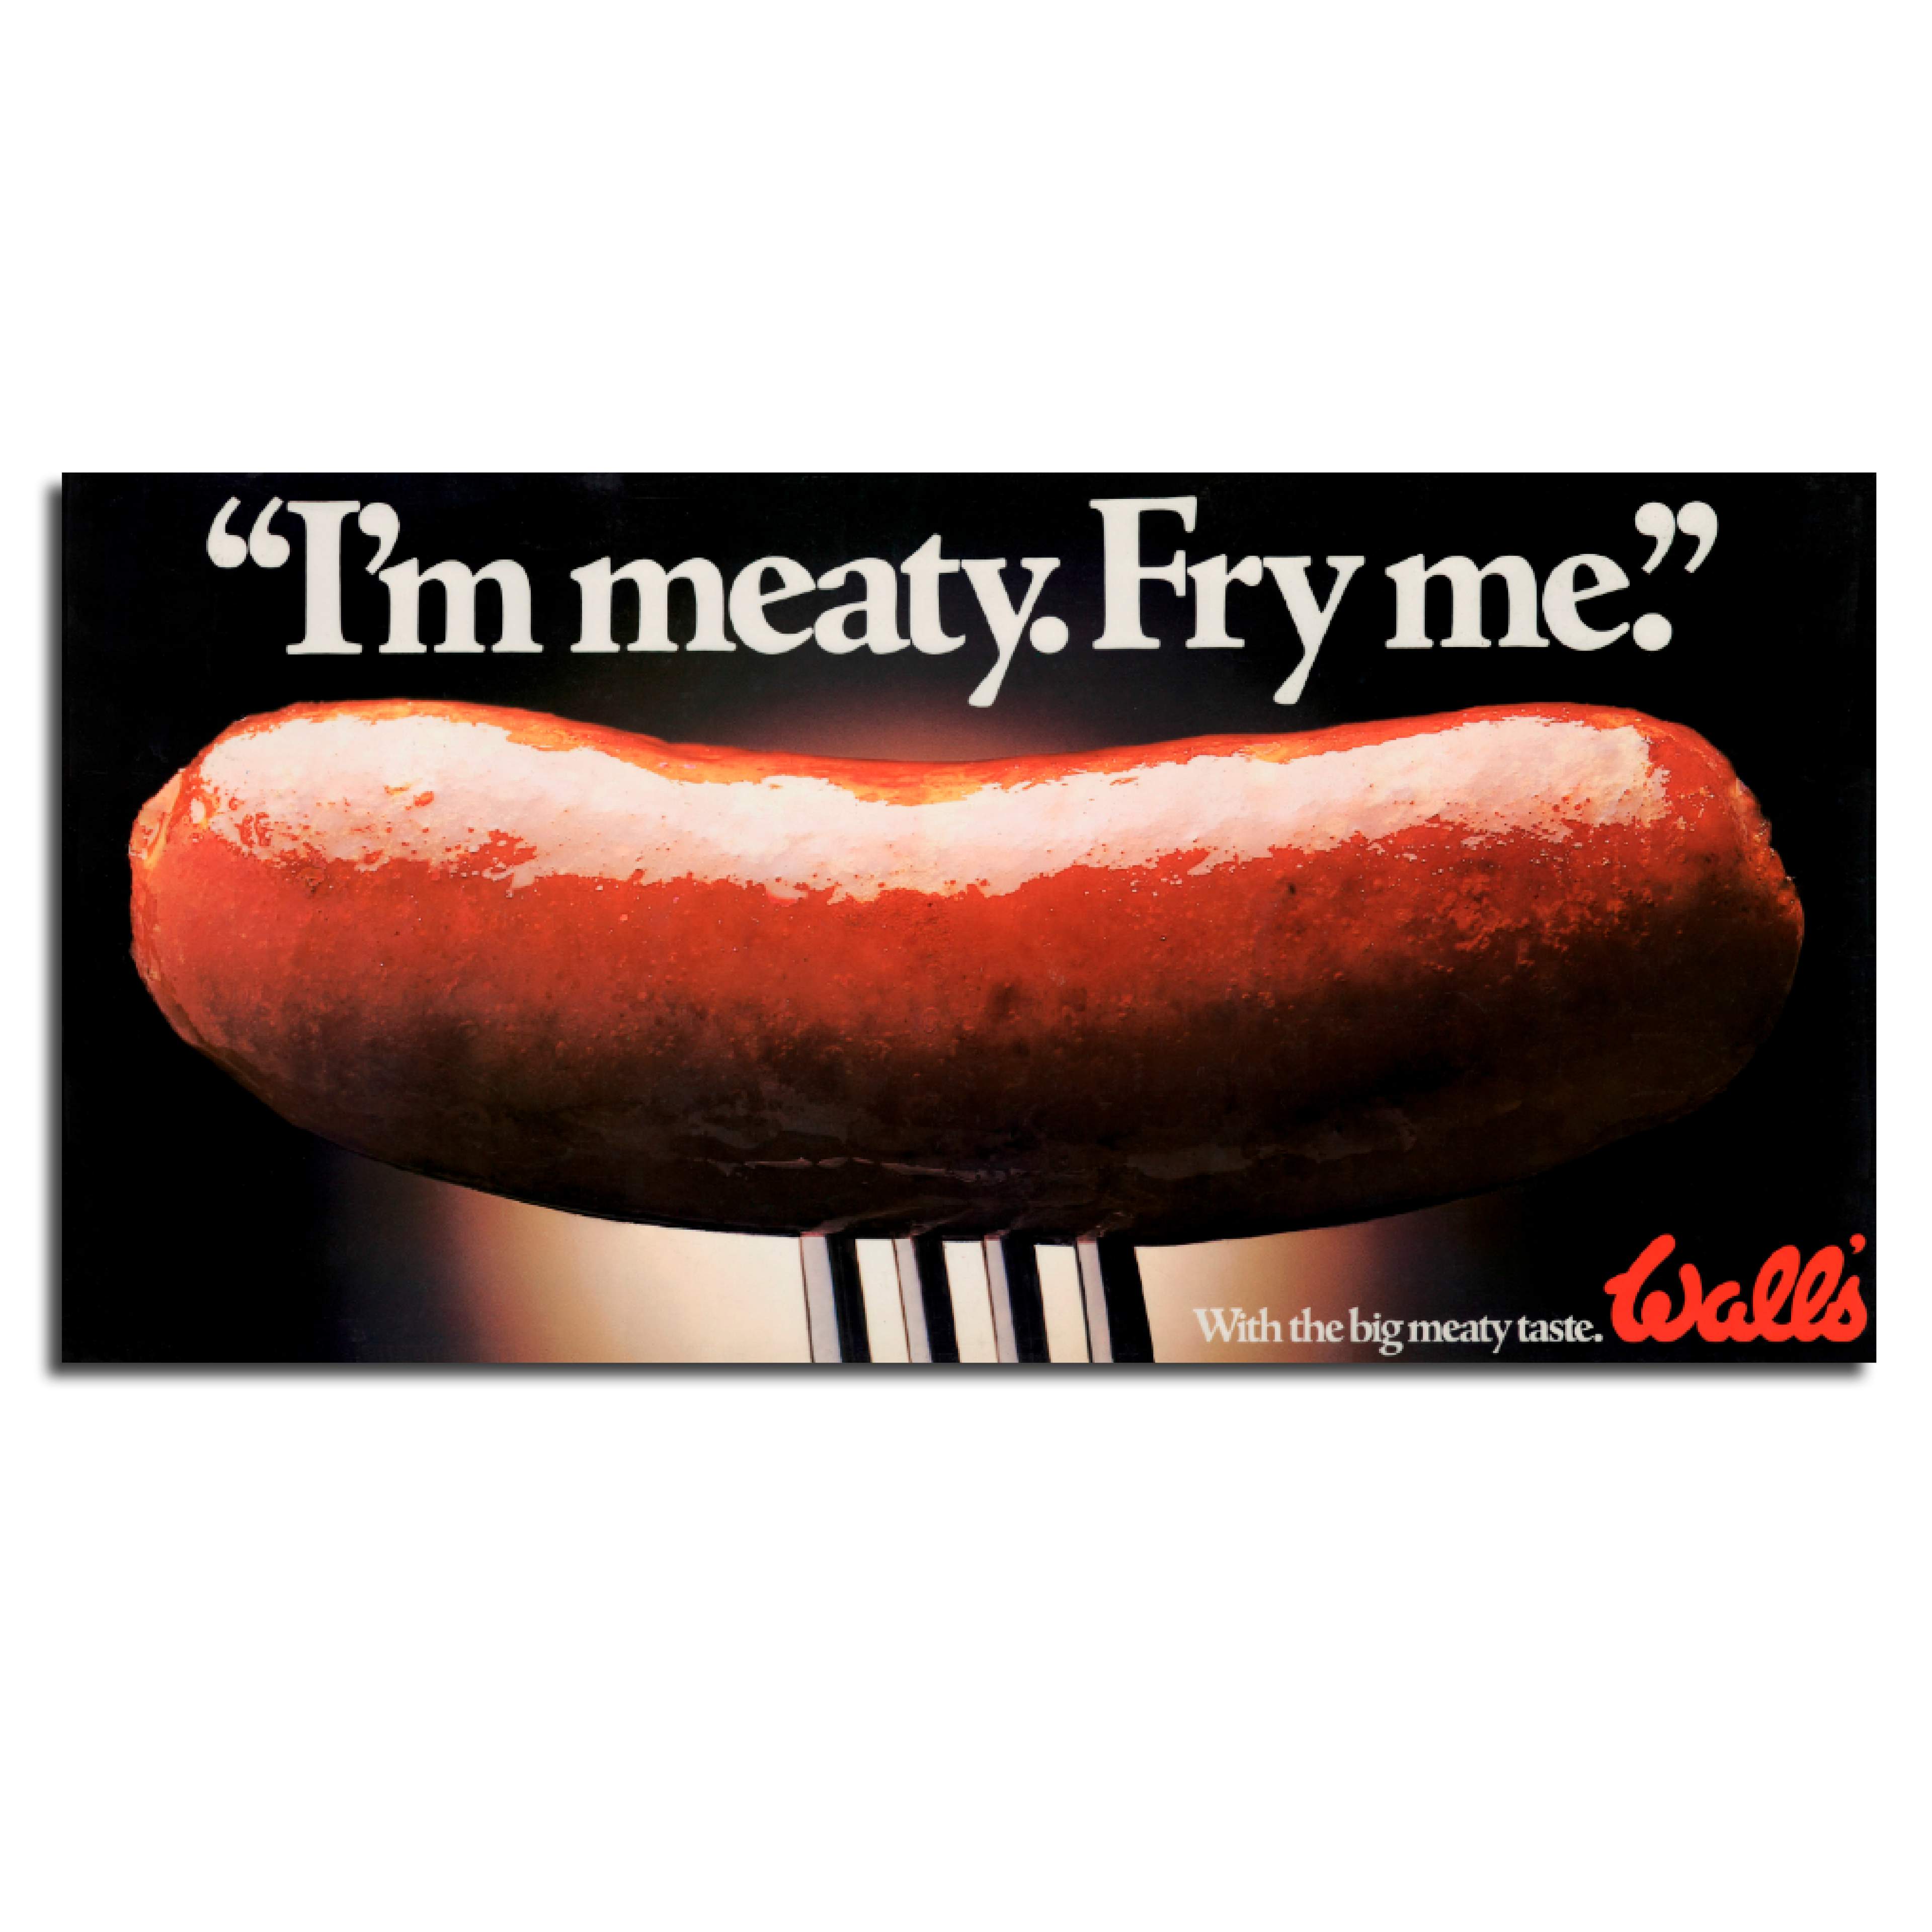 Close-up photo of a cooked sausage on a fork. Award-winning poster for Wall's sausages.
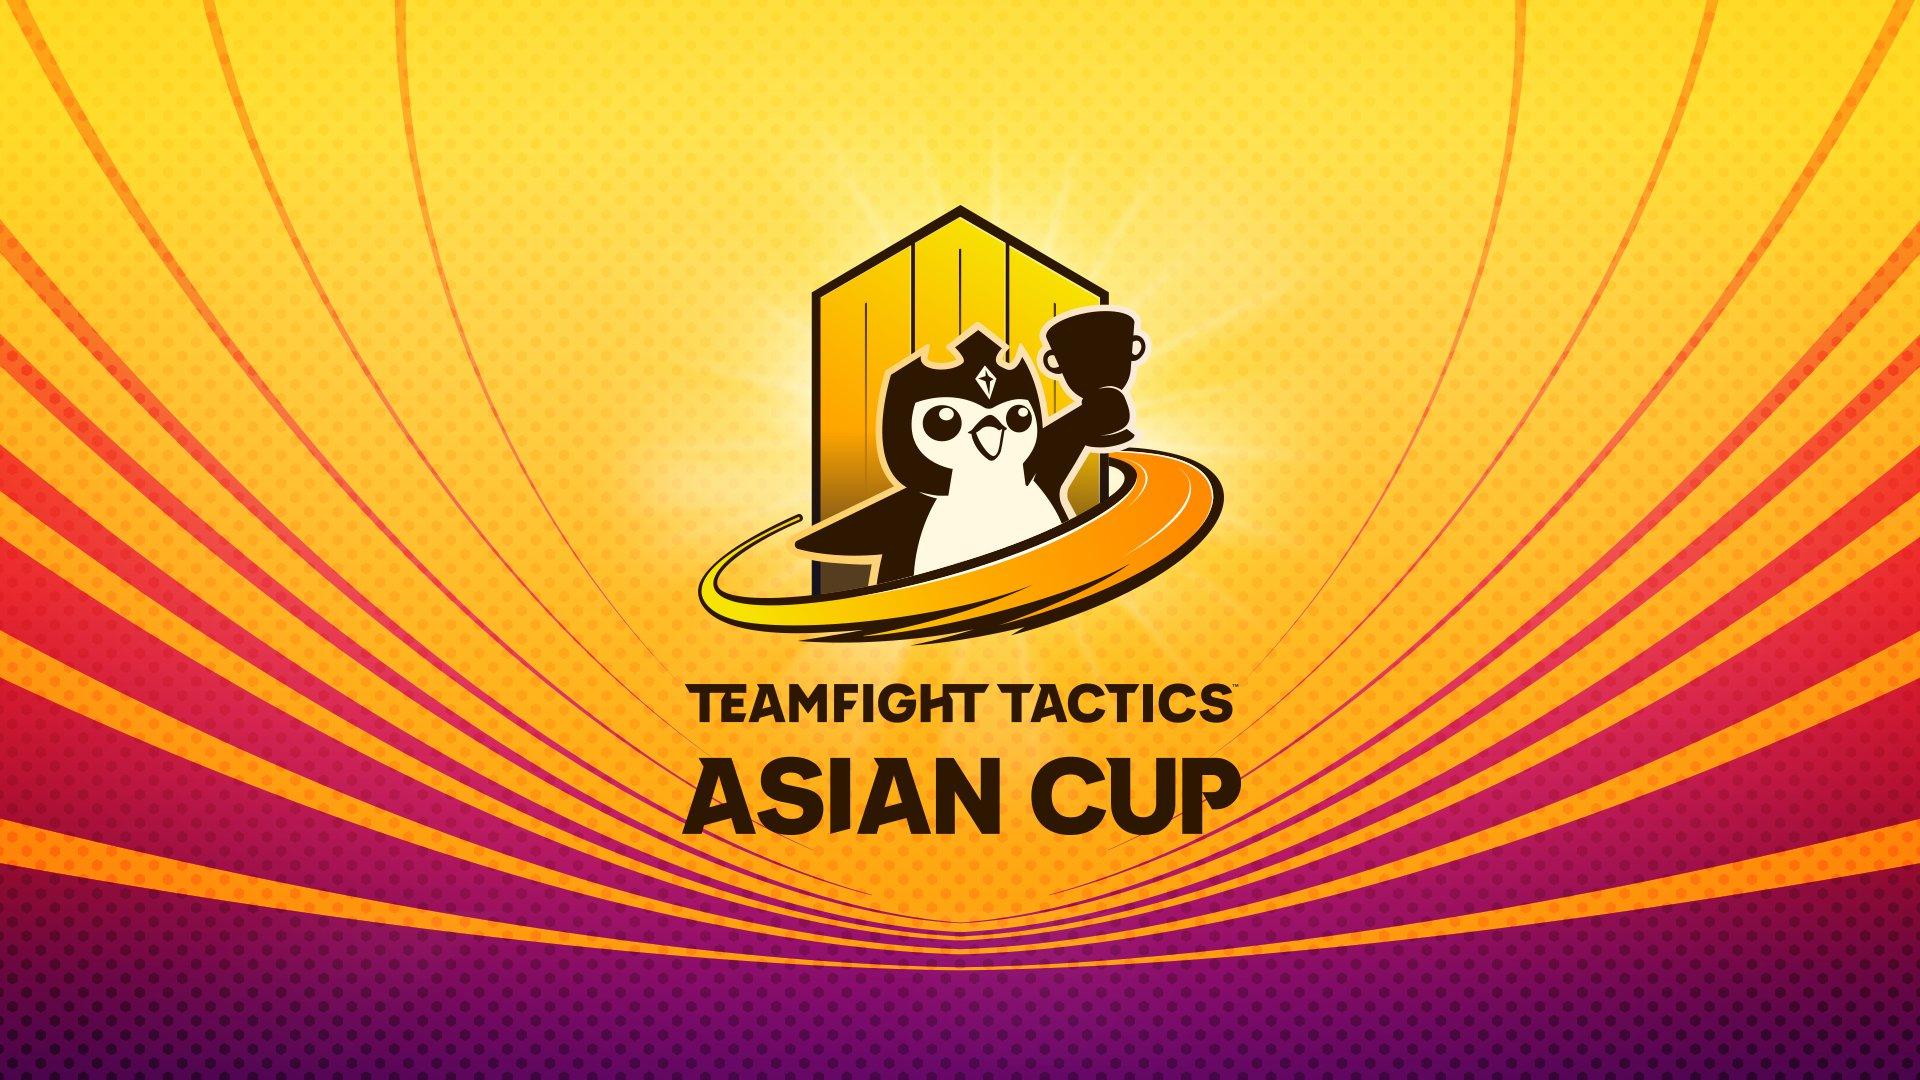 TFT Monsters Attack! Asian Cupの見出し画像
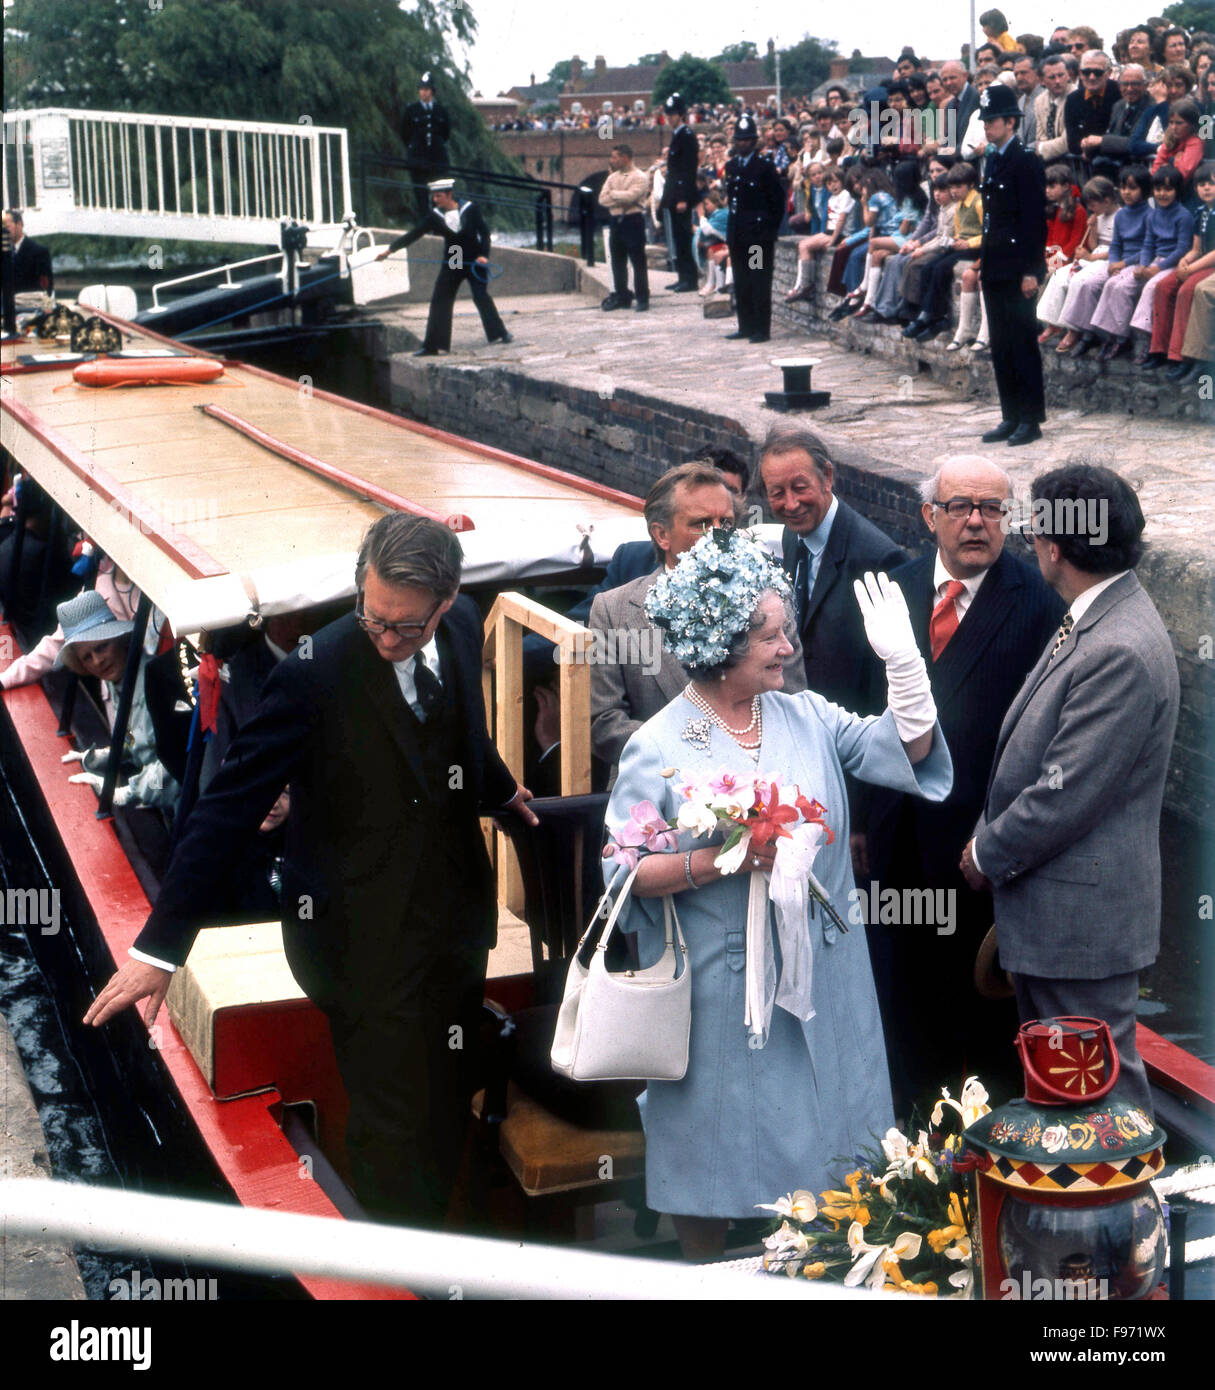 The Upper Avon canal was officially reopened by HM Queen Elizabeth the Queen Mother on June 1st 1974. With her are Robert Aickman, David Hutchings, Sir John Betjeman and Crick Grundy. Stock Photo

#####

▶ Required work: Transcribe exactly the portion of the material above that runs from the line containing "TFT Monsters Attack! Asian Cupの見出し画像" through its last line, omitting all pictures.

▶ Answer for the task:
 TFT Monsters Attack! Asian Cupの見出し画像
 The Upper Avon canal was officially reopened by HM Queen Elizabeth the Queen Mother on June 1st 1974. With her are Robert Aickman, David Hutchings, Sir John Betjeman and Crick Grundy. Stock Photo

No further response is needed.